The broadly supported bill aims to help Main Street businesses by requiring certain online retailers to collect the Minnesota sales tax.
(Published Jan 22, 2013)
The Senate Tax Reform Division on Jan. 16 heard SF 8, a bill authored by Sen. Ann Rest (DFL-New Hope) that would require retailers that do not have a physical presence in Minnesota to collect the Minnesota sales tax if they have an affiliate relationship with a Minnesota-based business or individual.
Affiliate status is triggered when the business or individual, for a commission or other consideration, directly or indirectly refers potential customers by a website link or another way to the seller not based in Minnesota.
The legislation is in response to the rapid growth in electronic commerce that has heightened concerns among states about erosion in sales tax revenues as well as raised concerns about tax fairness between Main Street businesses and Internet retailers.

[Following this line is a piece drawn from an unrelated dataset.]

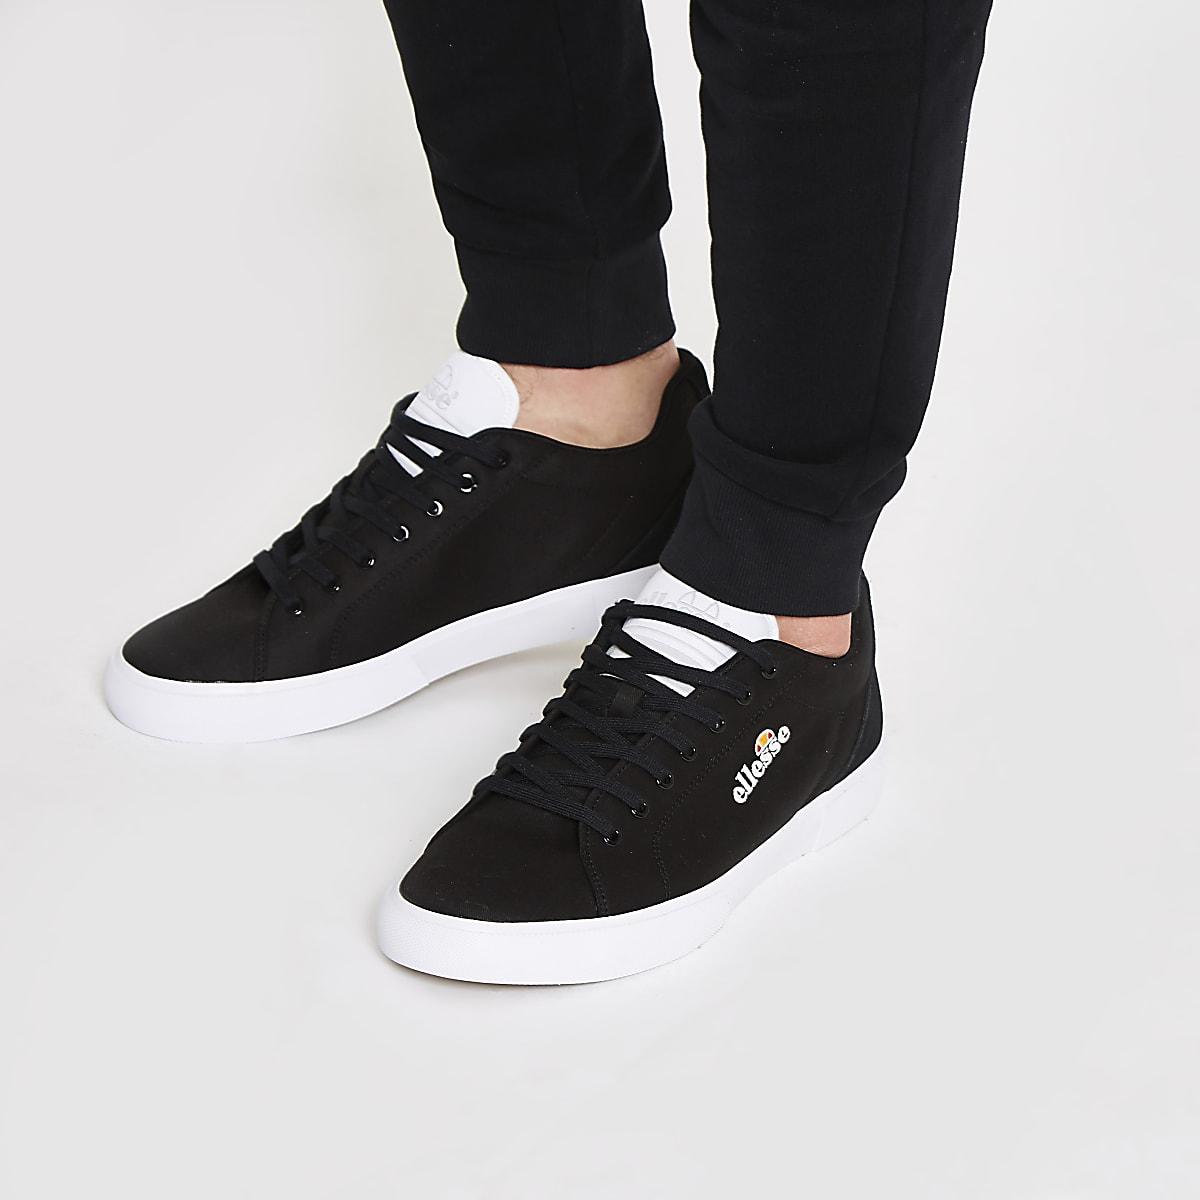 Ellesse Taggia – Toile Chaussures Baskets En Noires eEHI29YWD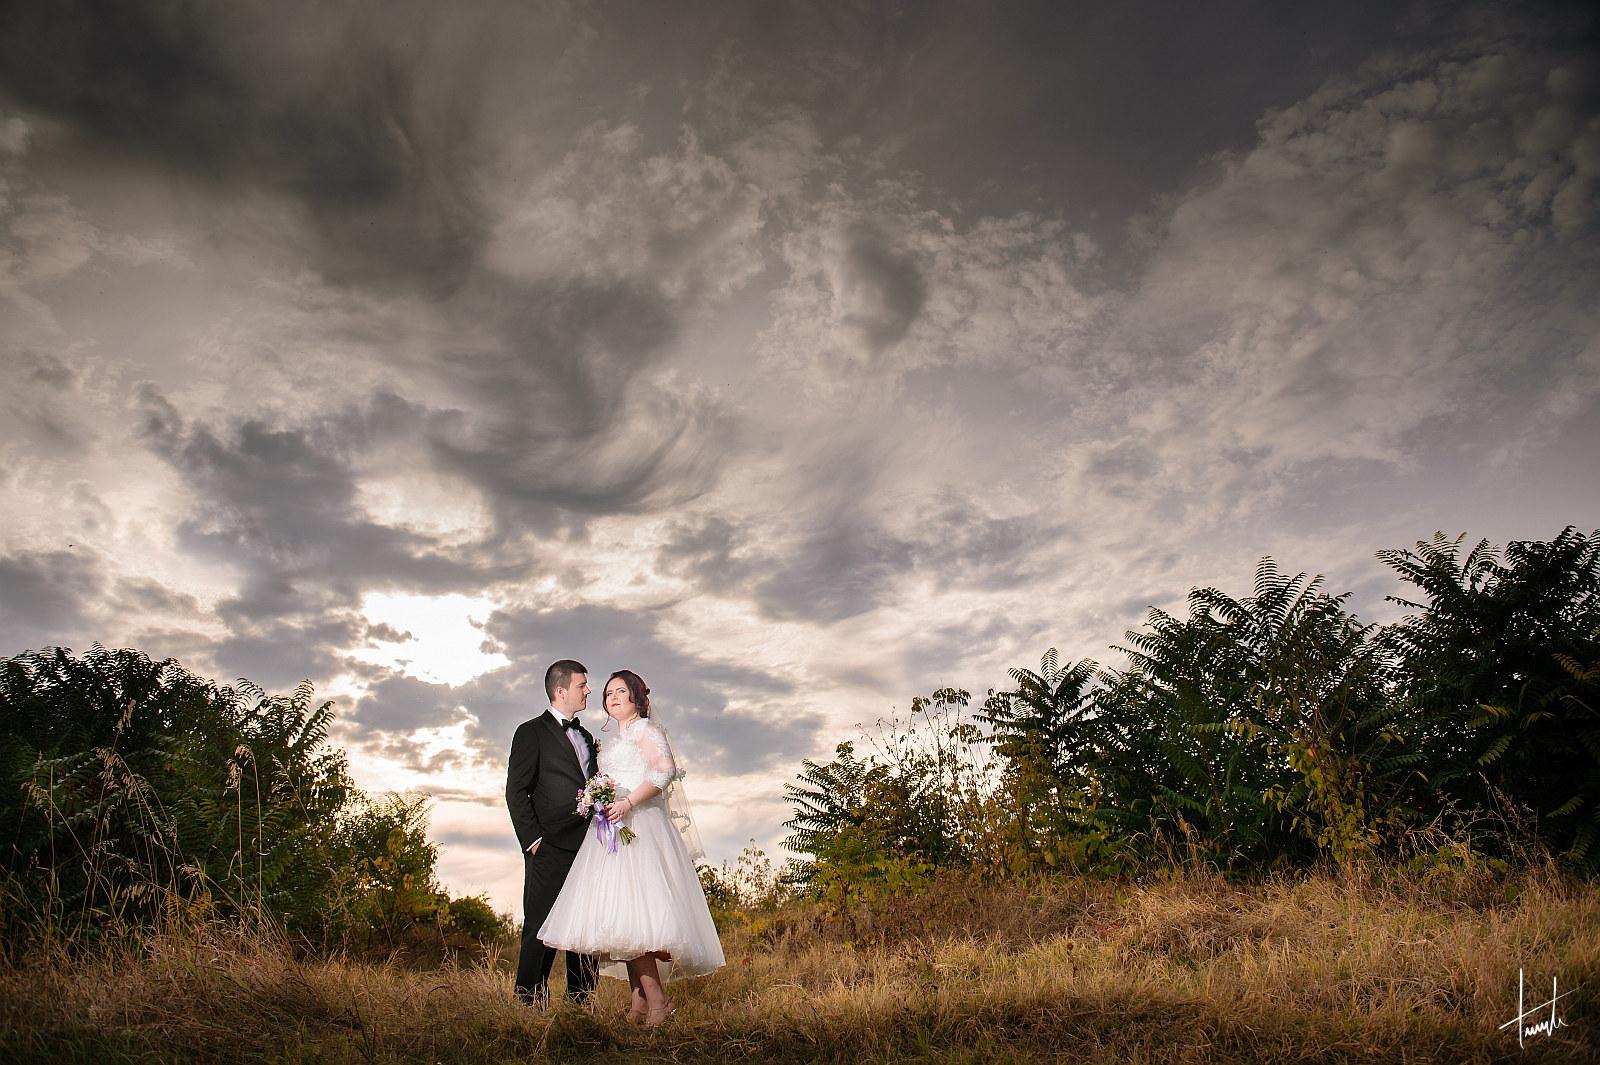 Oana Marius - fotografii de nunta - Bogdan Terente 01

The issue originated in the wake of a 1992 U.S. Supreme Court decision, Quill v. North Dakota, which essentially prohibited states from compelling retailers that do not have a physical presence in the state from collecting state and local sales taxes.
Congress has been considering legislation that would essentially allow states to require out-of-state retailers to collect sales taxes as long as certain administrative simplification criteria are met. Unfortunately, Congress has yet to pass bills such as the Marketplace Fairness Act and as a result, states are looking for their own solutions, including the affiliate nexus concept.
The affiliate nexus legislation was discussed last year and several other states have adopted similar laws to compel out-of-state vendors to collect the sales tax. During last year’s hearings, the bill was opposed by some Minnesota affiliates that feared that large online vendors might sever their business relationships to avoid collecting Minnesota sales tax.
This year, the bill hearing drew no opposition testimony. Some speculate that the move by some large retailers to employ new strategies that involve a broader array of distribution facilities, and therefore points of nexus in more states, has resulted in a moderation of opposition to affiliate nexus legislation.
The bill was supported by several individual retailers as well as the Minnesota Retail Merchants Association, the Minnesota Chamber of Commerce, the Minnesota Business Partnership, the League of Minnesota Cities, and the Association of Minnesota Counties.
The bill was laid over for possible inclusion in a division report to the full Taxes Committee.